The White House was originally called the Presidents’ House or the Executive Mansion (doesn’t have the same ring to it, huh?). However, the lime-based whitewash on the stone exterior inspired journalists to begin calling the residence by the name we use today. It wasn’t until 1901 that Teddy Roosevelt officially changed the name.

5. Jefferson’s vie to be ‘the people’s president’

If you’ve ever taken a tour of the White House, then you have Thomas Jefferson to thank. Jefferson started the tradition of public tours during peacetime.

6. Bedrooms and bathrooms galore!

For more than a century, the White House was the nation’s largest residence with six floors, 132 rooms and 35 bathrooms. The residence also has 412 doors, 147 windows, 28 fireplaces, eight staircases and three elevators.

Vintage engraving of the Great East Room, White House. The Graphic, 1876 | Credit: Getty Images and duncan1890

7. A dummy’s guide to the White House

The White House’s ground floor includes an expansive kitchen and pantry, Secret Service offices, a private doctors’ examination room, and areas for the gardeners, carpenters and other staff members. The first floor is dedicated to entertaining and the second floor includes family rooms alongside offices. Meanwhile, the third floor is completely dedicated to the First Family with bedrooms and entertainment spaces. The fifth and sixth floors (actually on the bottom) are composed of a two-story basement.

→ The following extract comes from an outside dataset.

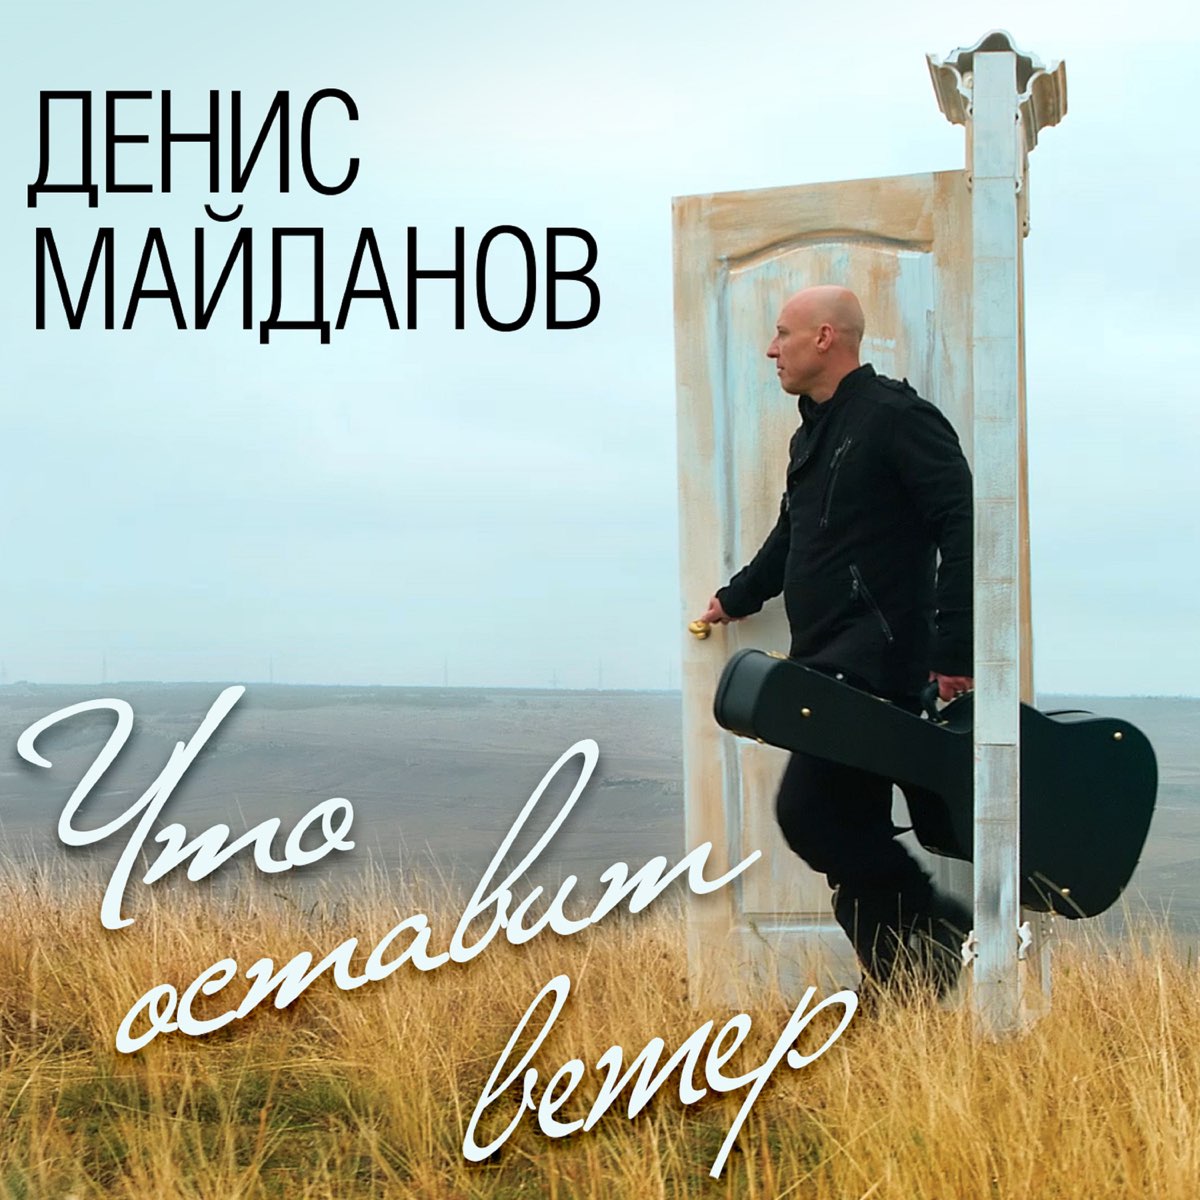 Майданов жить песня

8. To work at home or not to work at home? That’s the question

The West Wing wasn’t always attached to the White House. Teddy Roosevelt built the wing to keep the White House’s business and residential functions separate (I mean, he had six kids); however, William Taft decided to connect to two spaces.

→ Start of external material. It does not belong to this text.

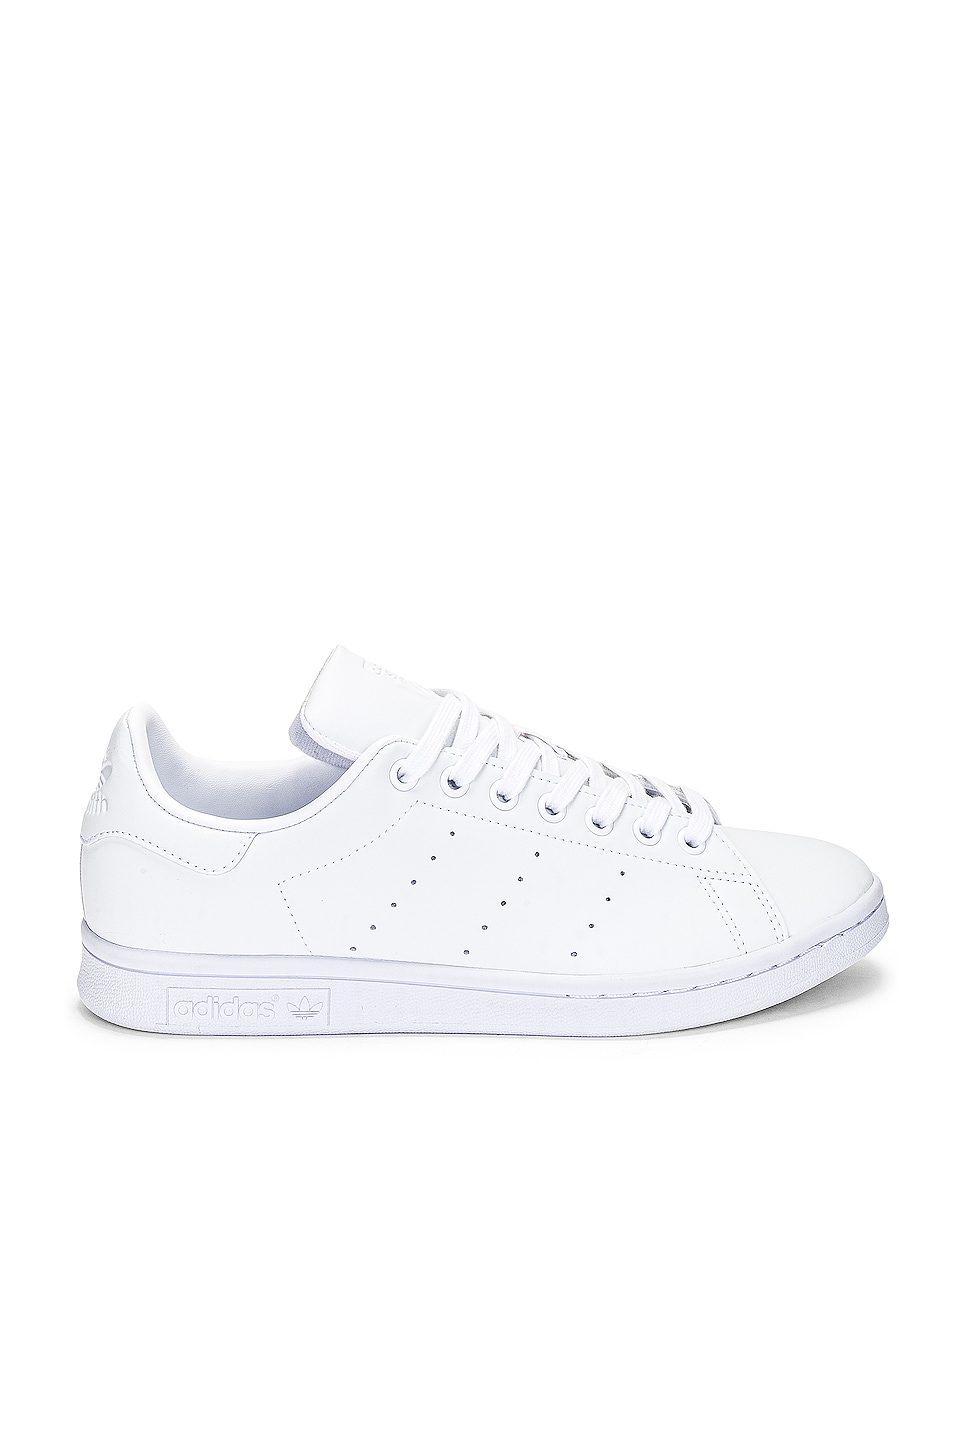 adidas Originals Stan REVOLVE Black Sneaker in Smith | & Core White

9. The mystery of secret rooms

Despite rumors, officials maintain there are no secret rooms in the White House (but would they tell us if there were?) There’s only a secret passage that allows the president, the First Family and other staff to quickly escape to an emergency bunker.

Photo credit: Olivier Douliery-Pool/Getty Images

10. The White House became wheelchair accessible thanks to FDR

Franklin Delano Roosevelt made the White House accessible, as the president frequently relied on a wheelchair due to complications from polio. He also added an indoor swimming pool for his therapy sessions, but it was filled and covered to create the press briefing room.

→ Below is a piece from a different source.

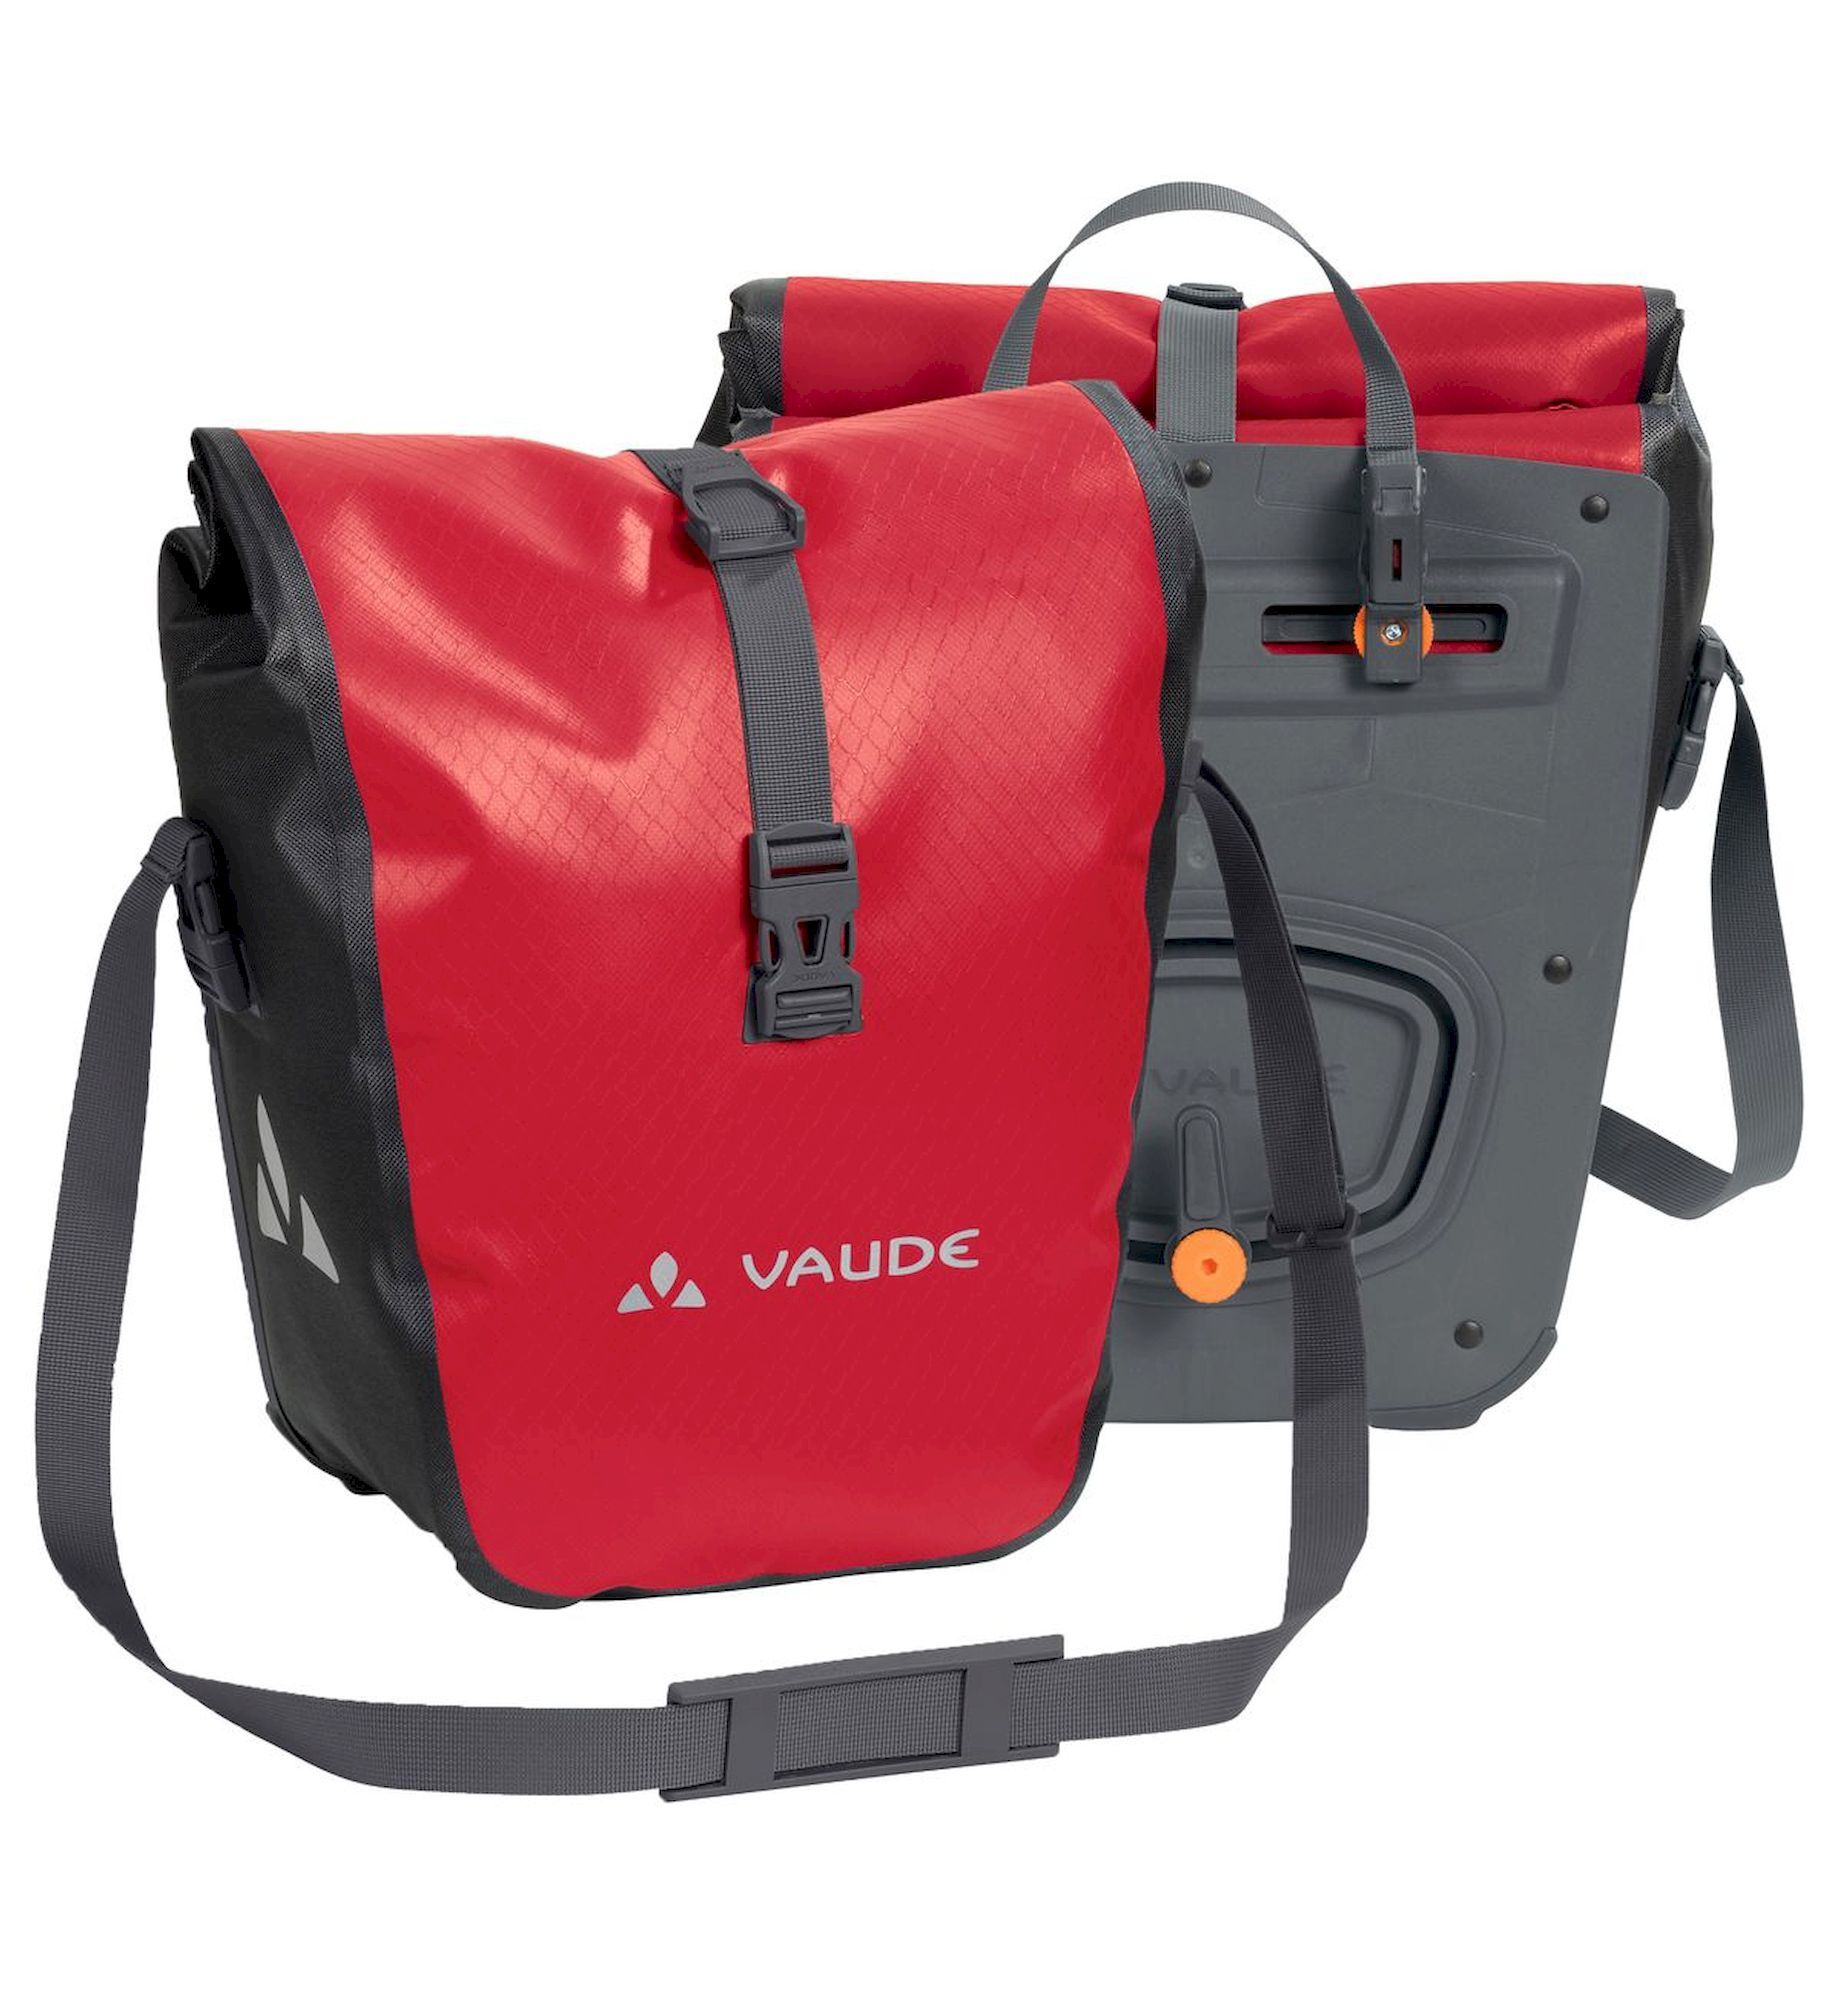 Vaude - Aqua Front - Bolsa para el portaequipaje

11. Keeping the exterior Kodak ready

It takes a lot to keep the White House white — painters require 570 gallons of paint to keep the residence pristine. The painting maintenance includes yearly large-scale projects alongside needed touch-ups to the interior and exterior walls.

12. The origin of America’s most famous desk

The famous Resolute Desk was a present from Queen Victoria to Rutherford Hayes in 1880. The 1,100-pound desk is made from the remnants of the British Arctic exploration ship, HMS Resolute. The desk has been moved around the White House, with it being seen in the president’s broadcast room or other second-floor offices. However, Jimmy Carter brought the desk back to the Oval Office, where it’s been ever since.

The first picture of the vice president’s home at the USNO | Credit: Number One Observatory Circle

13. The vice president’s secluded abode

Although the vice president spends much of their day at the White House, they actually live in a mansion on the grounds of the United States Naval Observatory (USNO). The home was originally built in 1893 as the residence of the superintendent of the USNO. However, vice presidents didn’t start living in the mansion until the 1970s, when the cost of securing private residences became too much.

14. The White House’s Zestimate comes in at more than $400M

Although the White House is priceless, it’s still fun to imagine what it would take to buy the nation’s most famous home. Zillow has been estimating the White House’s value since 2009, and the latest Zestimate comes in at a whopping $415.7 million. Assuming you could provide a 20 percent down payment, you’d need to shell out more than $83 million.

15. The White House’s third purpose

The White House isn’t only a residence and government building. It received a museum accreditation in 1988.